== AIM OF THE EXERCISE ==
Everything from the line with "Revitalize Hair &" to the last line of the listing must be retyped exactly, both ends included, with the pictures dropped.
[Opening INFORMATION SHOWN section]
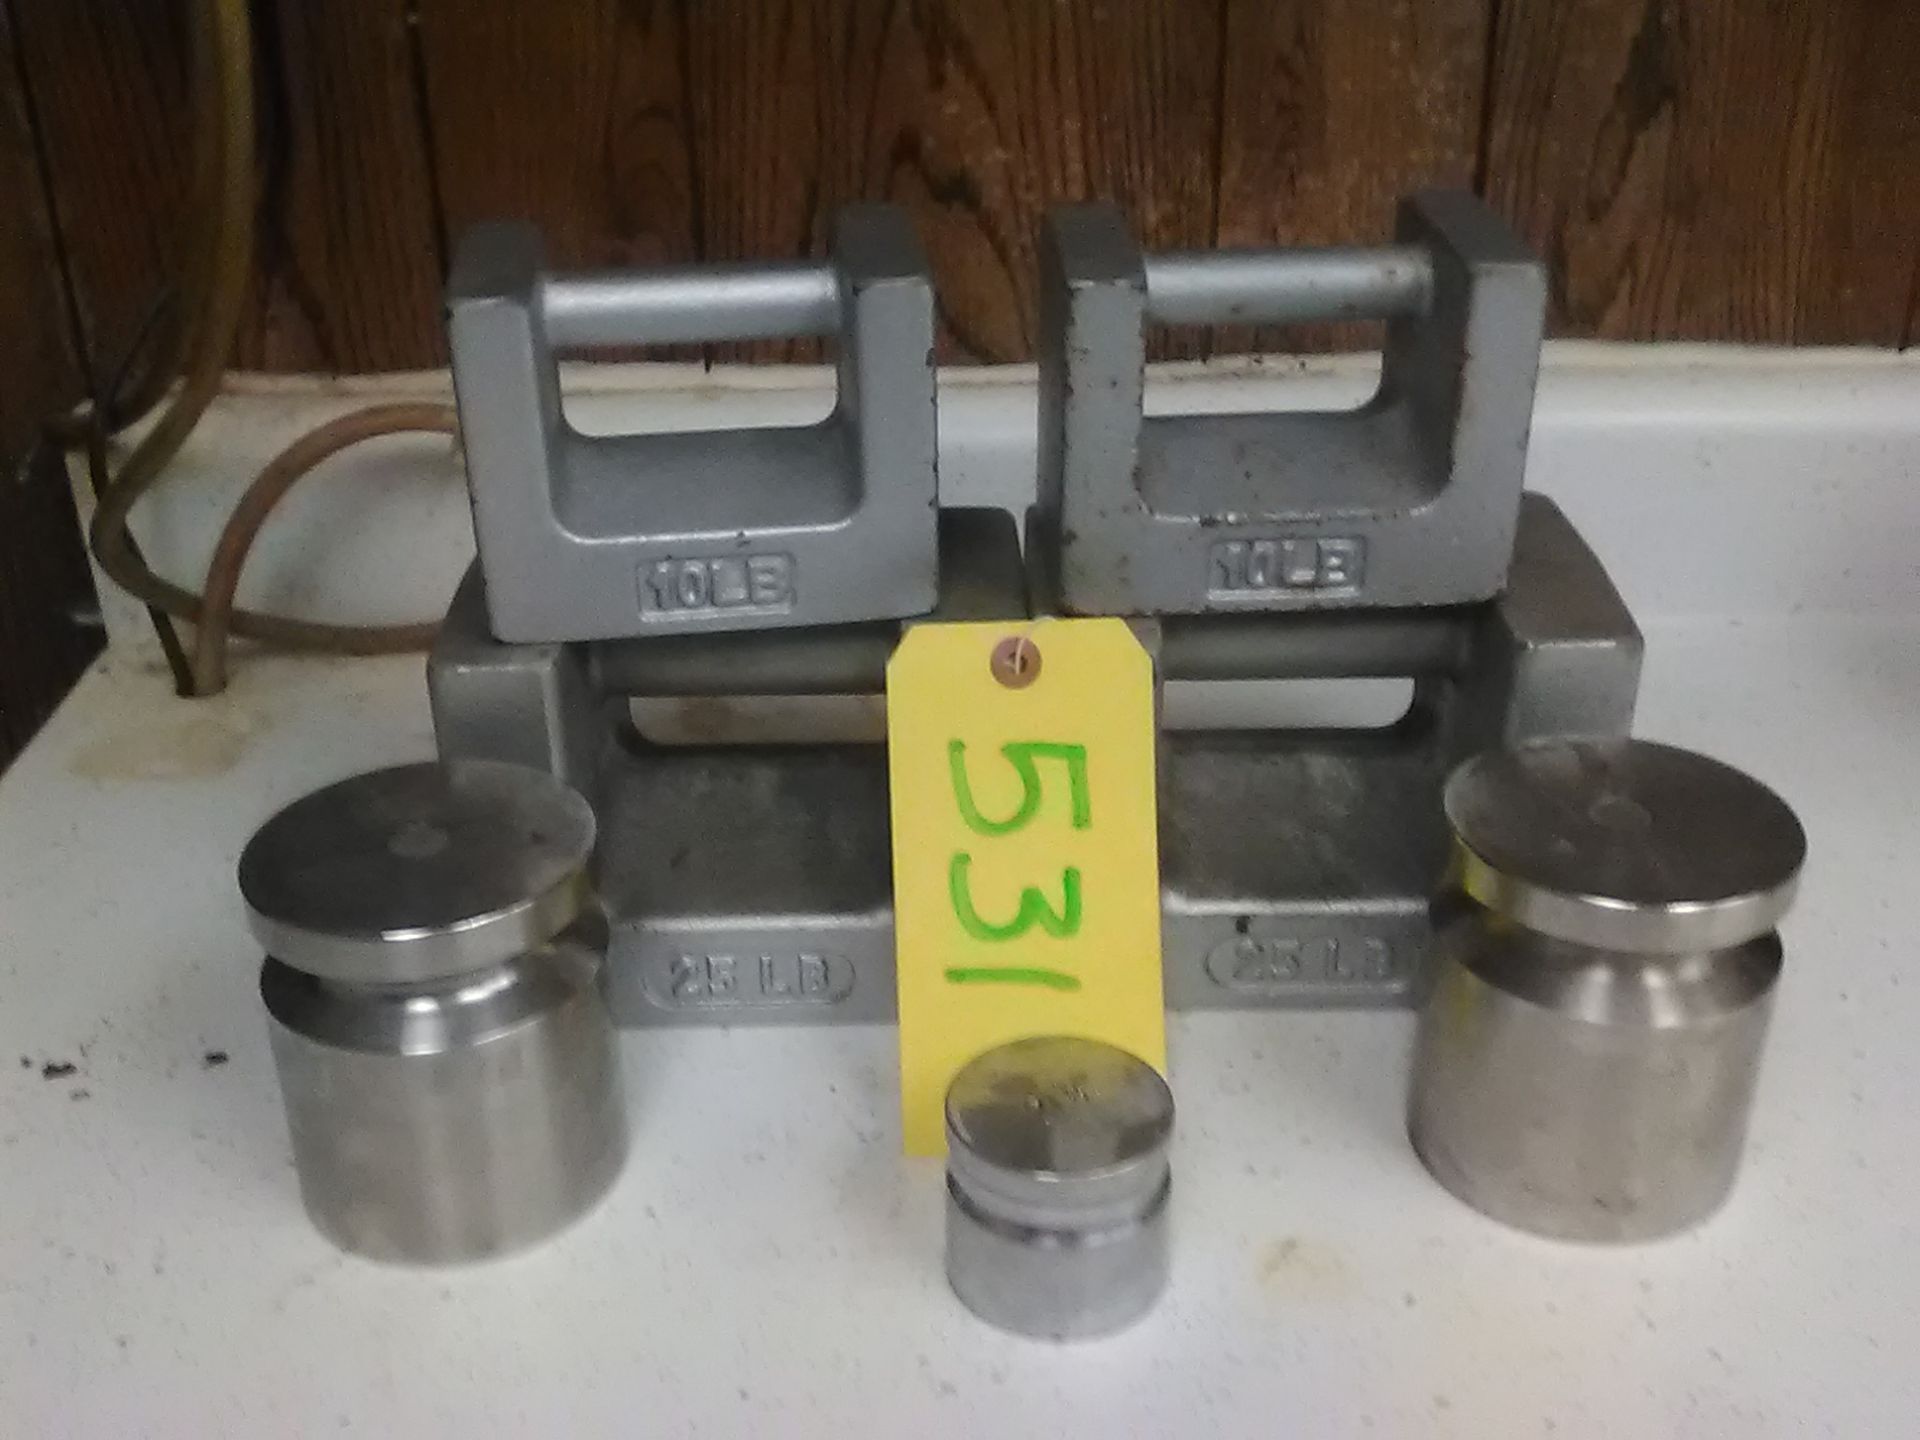 SCALE TEST WEIGHTS
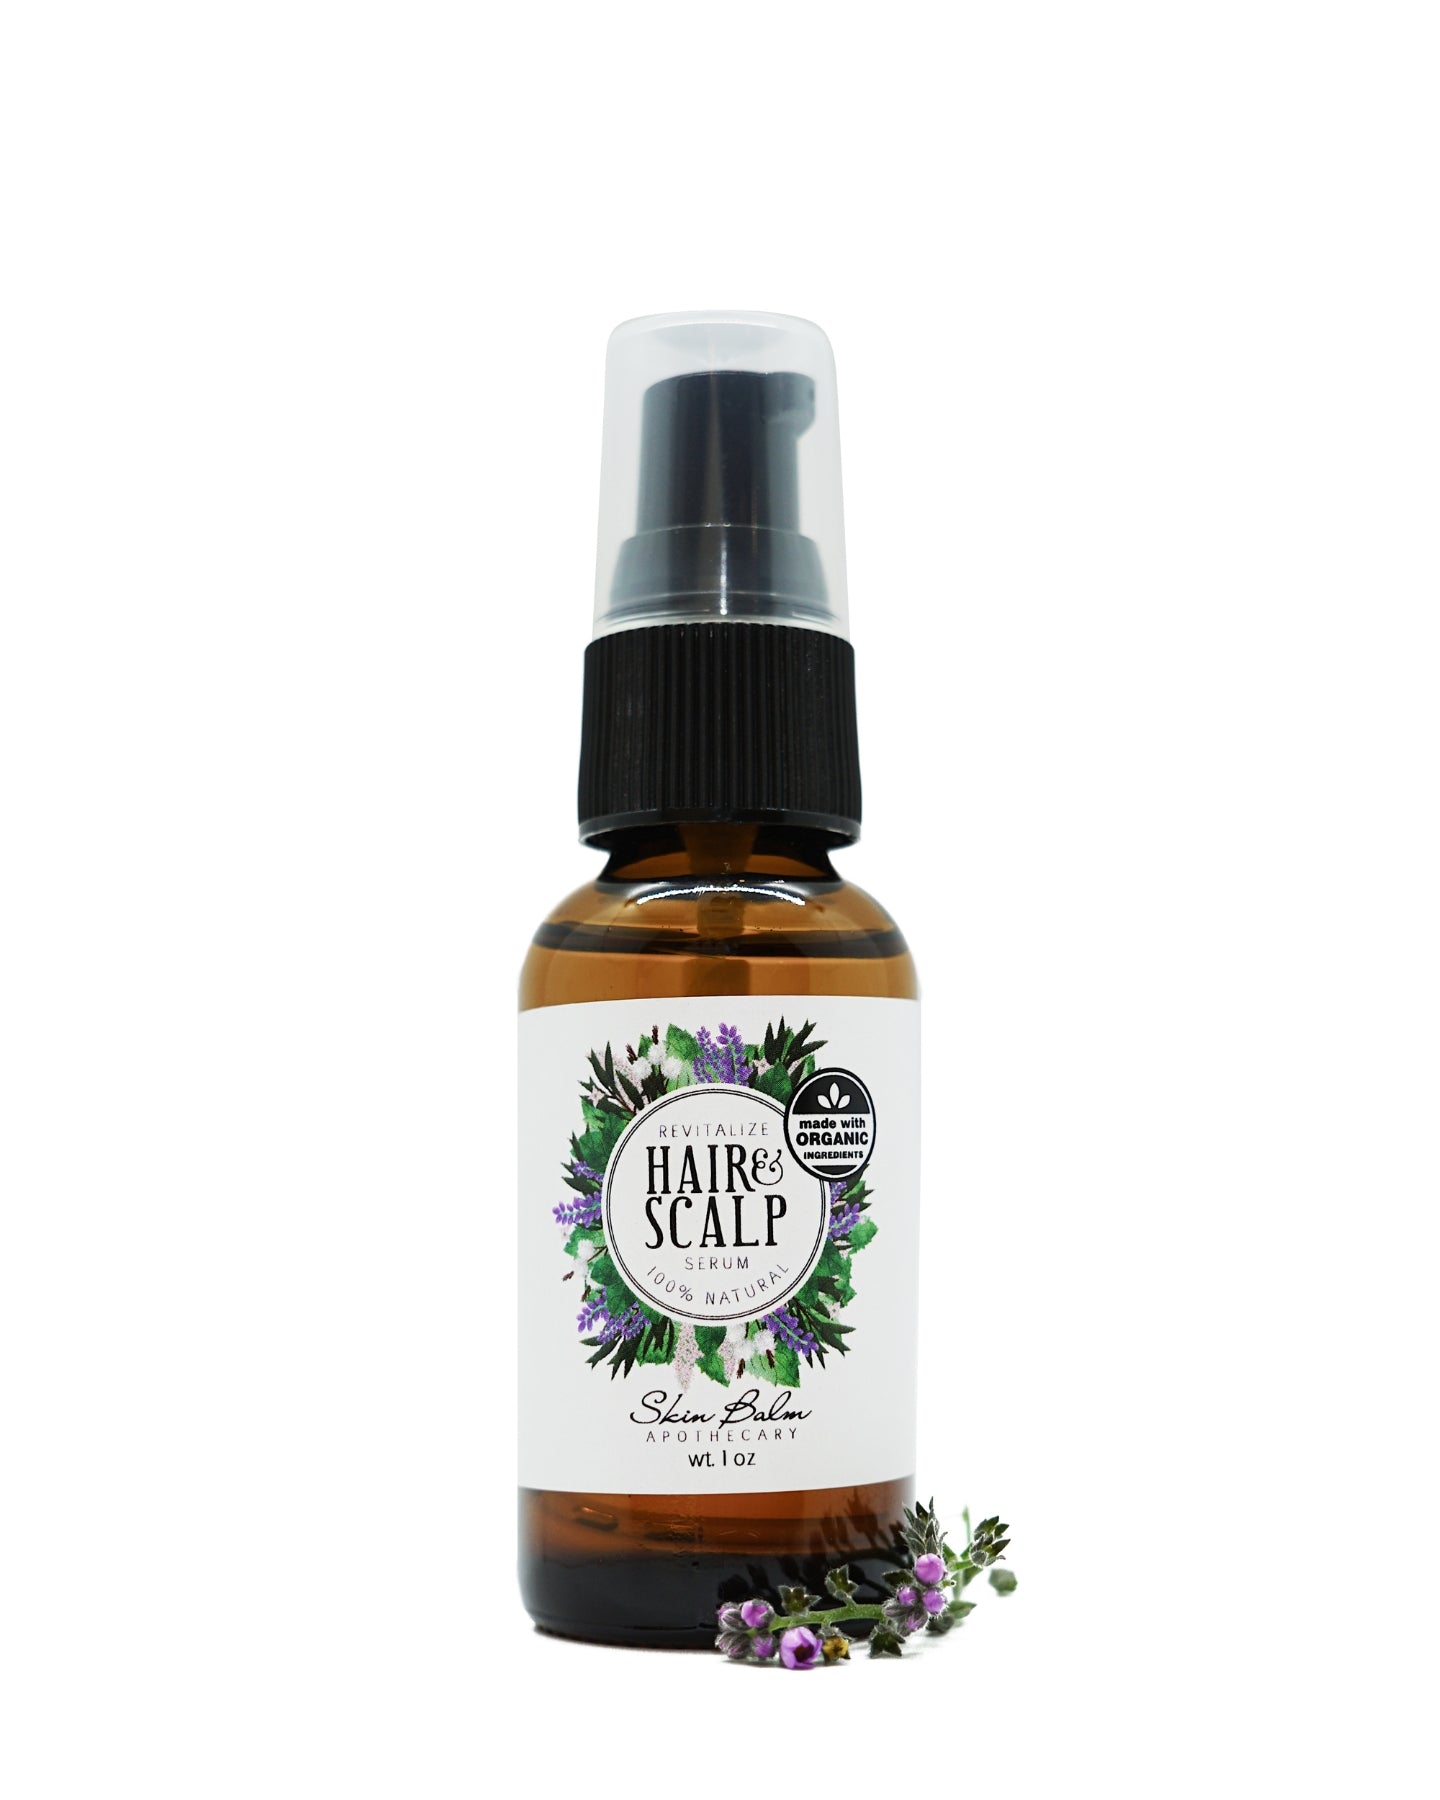 Revitalize Hair & Scalp Serum with purple flowers against a white background.
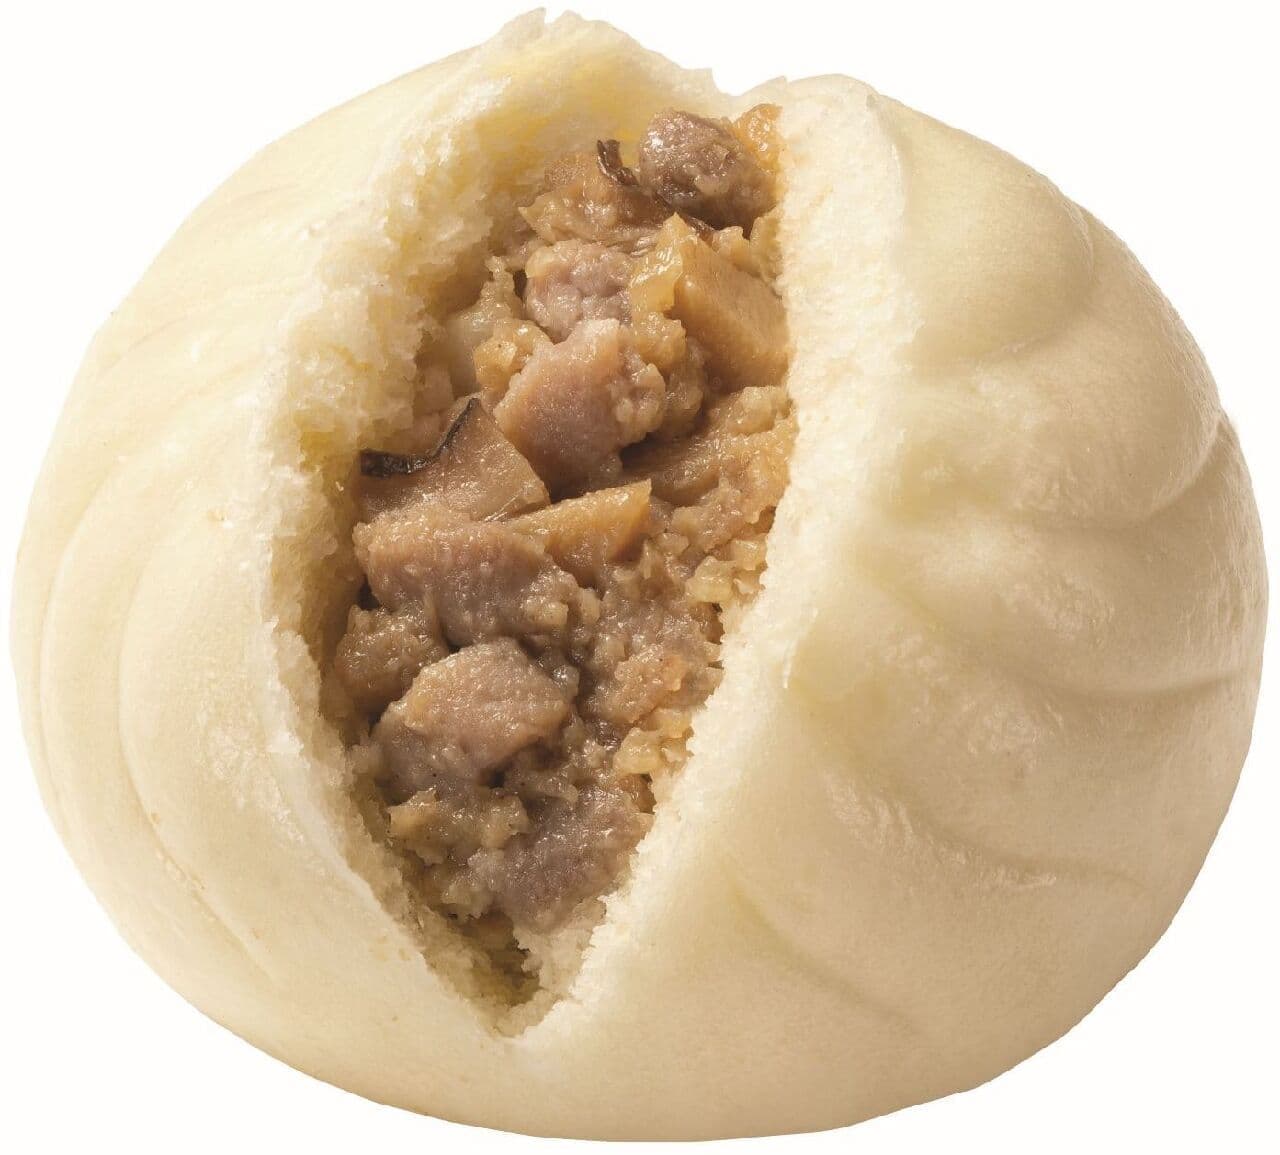 FamilyMart "Juicy steamed meat buns with chunky dough
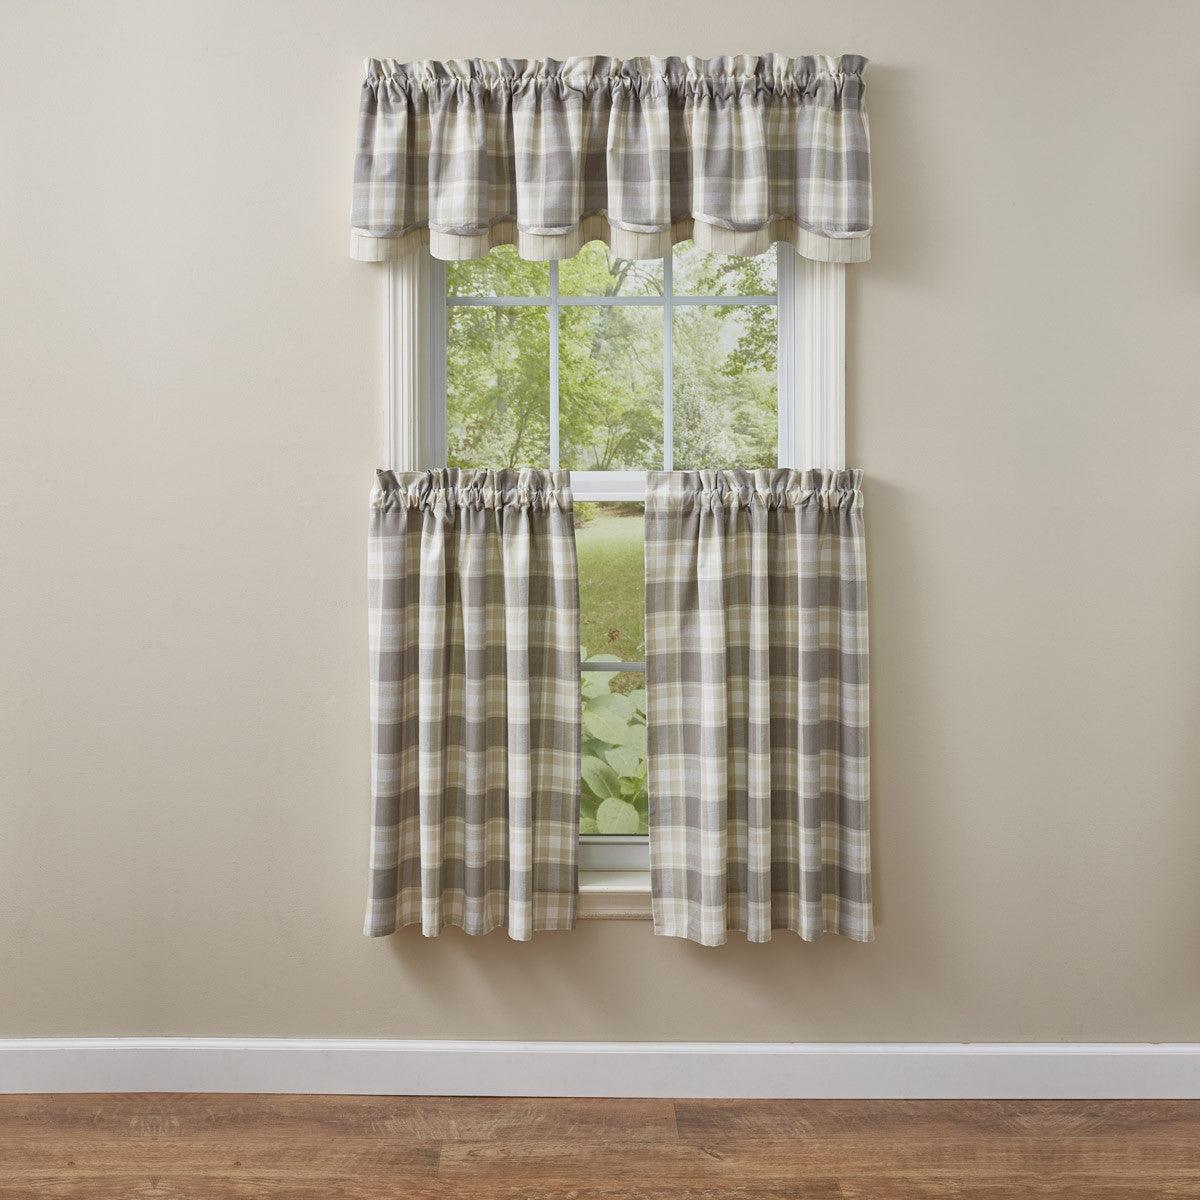 Weathered Oak Valance - Lined Layered Park Designs - The Fox Decor
[Closing INFORMATION SHOWN section]
== RESPONSE ==
 Revitalize Hair & Scalp Serum with purple flowers against a white background.
 FamilyMart "Juicy steamed meat buns with chunky dough
 Weathered Oak Valance - Lined Layered Park Designs - The Fox Decor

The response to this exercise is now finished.